She was praying now, while Annie, bewildered by what she had heard, looked first at her and then at Jack, saying imploringly:

“Tell what, Georgie? What does it mean? It makes me so dizzy and faint. Is it about my mother, and why she don’t come when I am dying?”

There was no response to this, and Annie pleaded again:

“Where is she, Jack? Don’t she love me any? Oh if I could see her once and hear her voice, and put my head in her lap, and call her mother, I’d pray to Jesus to make her good and let her come to Heaven if she was ever so bad. Was she bad, Georgie?
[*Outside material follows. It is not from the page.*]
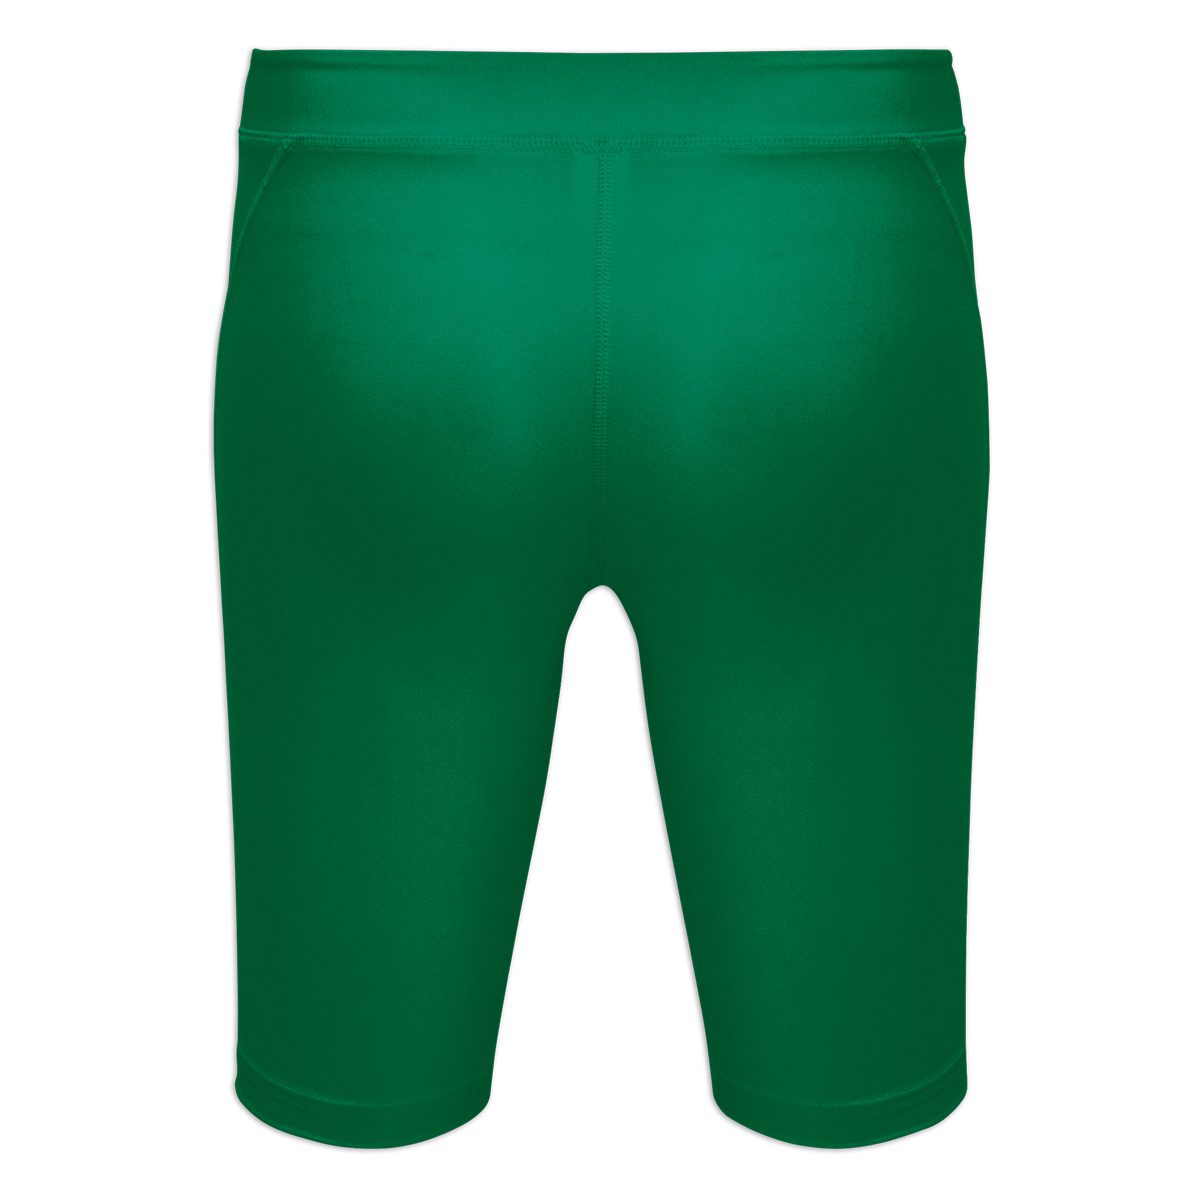 Women's Compression Shorts - Emerald Green - Blackchrome

Was my mother naughty?”

It was a strange spectacle, that white-faced, dying child, stretching her trembling hands toward that gayly-decked, but crushed, stricken woman, and demanding some knowledge of her mother, and Georgie shrunk back from the touch of the little hands, and wiped the sweat-drops from her own pallid face, and turned toward Jack as if for help in her distress. But Jack was powerless then; it was her hour of agony and she must meet it alone.
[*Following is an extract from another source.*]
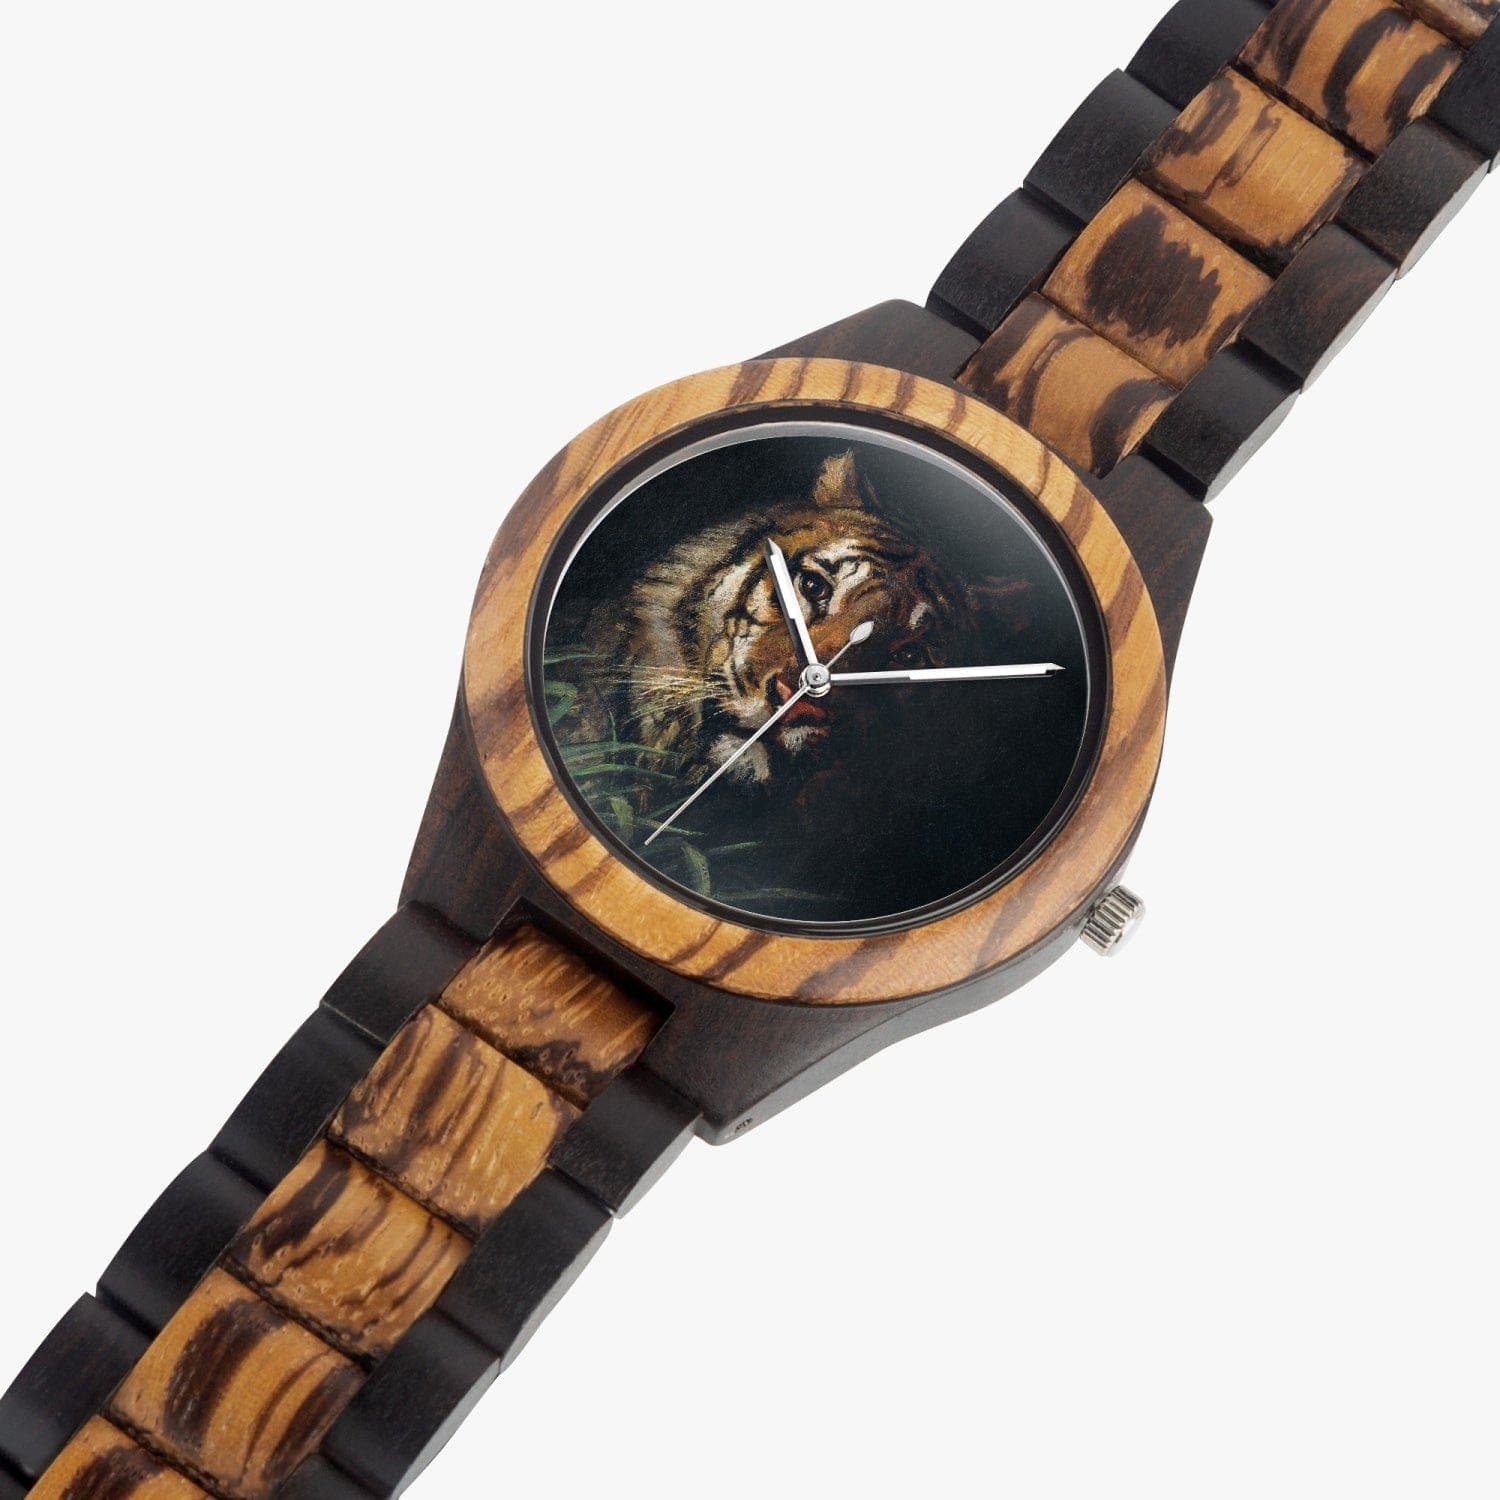 Tigers Head,  Ebony Wooden Watch, by Sensus Studio Design

Suddenly there broke over her countenance a light as of some newly-formed resolution, and with a gasp she said to her brother:

“Go out, Jack, please, and leave us here alone. Keep them all away till I call to you to come. Annie is mine, now; mine; all mine.”

She seemed more like a crazed creature, when, after Jack was gone, she bolted the door, and even looked out into the wintry night, as if fearing listeners there. But she grew calm again, and her voice, though low and sad, was tolerably steady in its tone as she sat down by Annie and said:

“Ask me anything you please, and I will answer you.”